2014-05-08 1:07 GMT+02:00 Rich Felker <>:
> On Wed, May 07, 2014 at 11:28:58AM +0200, Paweł Dziepak wrote:
>> 2014-05-07 5:13 GMT+02:00 Rich Felker <>:
>> > On Tue, May 06, 2014 at 12:35:55PM +0200, Paweł Dziepak wrote:
>> >> However, while 4, undobtedly, is the expected value of
>> >> alignof(max_align_t) I don't think that 8 is really wrong (well, from
>> >> the C11 point of view). The standard is not very specific about what
>> >> max_align_t really should be and if the compiler supports larger
>> >> alignment in all contexts there is no reason that alignof(max_align_t)
>> >> cannot be larger than alignof() of the type with the strictest
>> >> alignment requirements.
>> >> Obviously, since max_align_t is the part of ABI it is not like the
>> >> implementation can set alignof(max_align_t) to any value or it would
>> >> risk compatibility problems with binaries compiled with different
>> >> max_align_t. Since both GCC and Clang already define max_align_t so
>> >> that its alignment is 8 on i386 I think that Musl should do the same.
>> >
>> > If we want to achieve an alignment of 8, the above definition is
>> > wrong; it will no longer have alignment 8 once the bug is fixed.
>> > However I'm not convinced it's the right thing to do. Defining it as 8
>> > is tightening malloc's contract to always return 8-byte-aligned memory
>> > (note that it presently returns at least 16-byte alignment anyway, but
>> > this is an implementation detail that's not meant to be observable,
>> > not part of the interface contract).
>> I've mentioned earlier that it seems that the only option is to use
>> GCC extensions (i.e. __alignof__) to match their definition of
>> max_align_t, just like it is done in this patch:
>> It is not nice that GCC forces malloc to support "extended" alignment
>> but I don't think there is much that can be done about it.
> I don't see how GCC "forces" this. The definition of max_align_t from
> glibc's stddef.h, which we do not use, is what forces it.

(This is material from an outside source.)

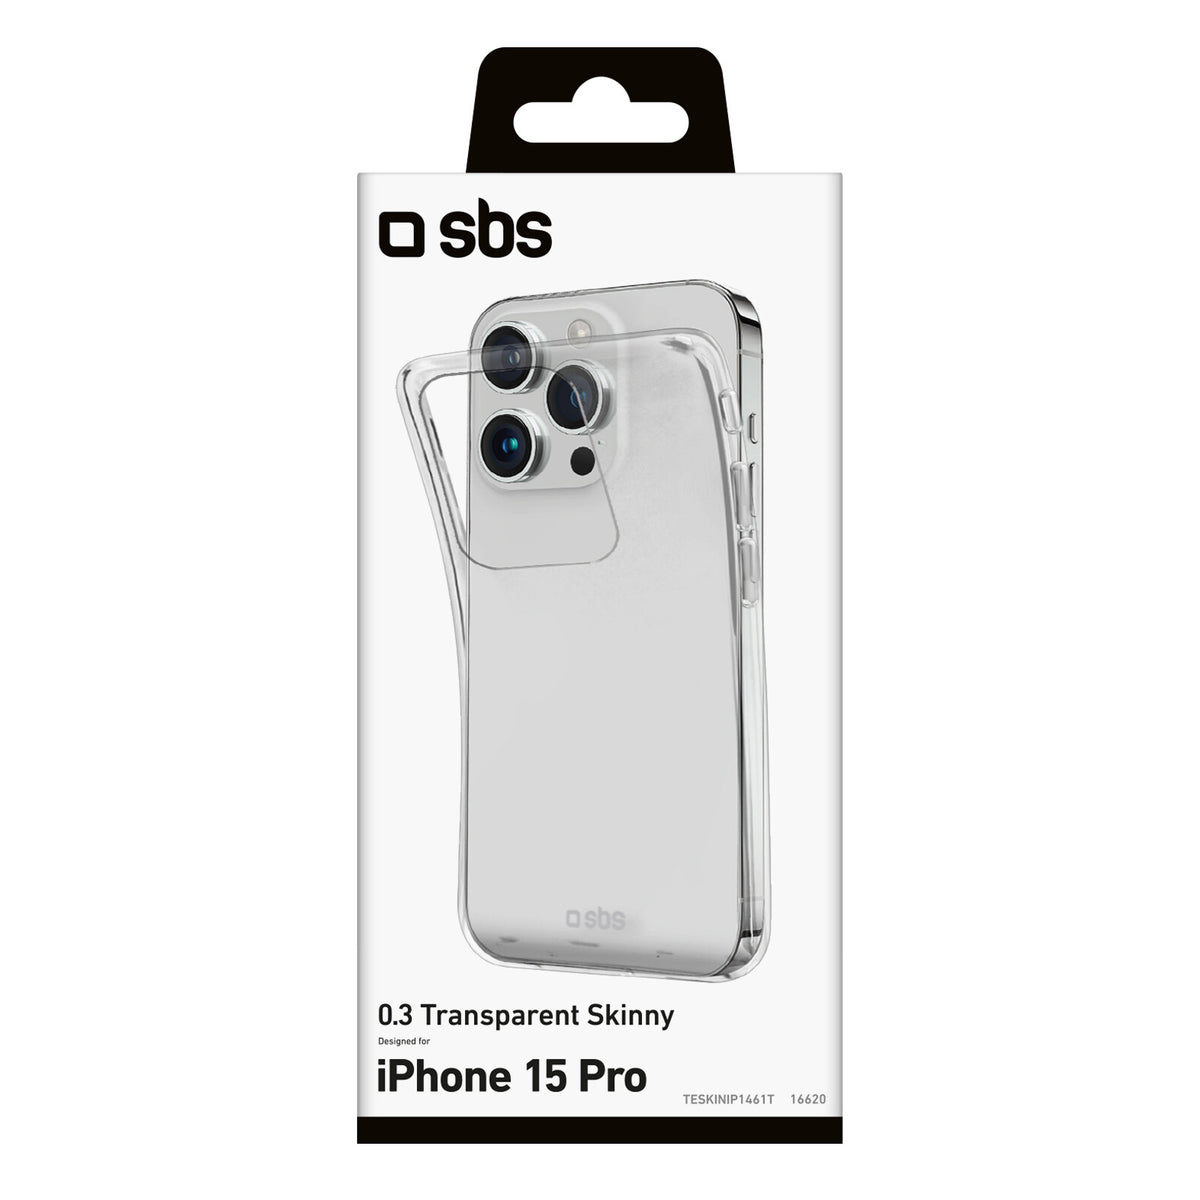 SBS Skinny mobile phone case for iPhone 15 Pro in Transparent

It is GCC that provides stddef.h, not glibc.

> As I see it, we have a choice whether to use the "8" definition on
> i386 or use the natural definition, which would yield "4" on i386.
> This is not an ABI issue (it does not affect the ability to use
> glibc-built object files/binaries/shared libraries with musl, nor the
> C++ name mangling ABI) but an API issue.

What about something like this?

struct foobar {
    char foo;
    alignas(max_align_t) char bar;

The binary representation of this structure depends on the definition
of max_align_t and binaries compiled with different
alignof(max_align_t) won't be compatible.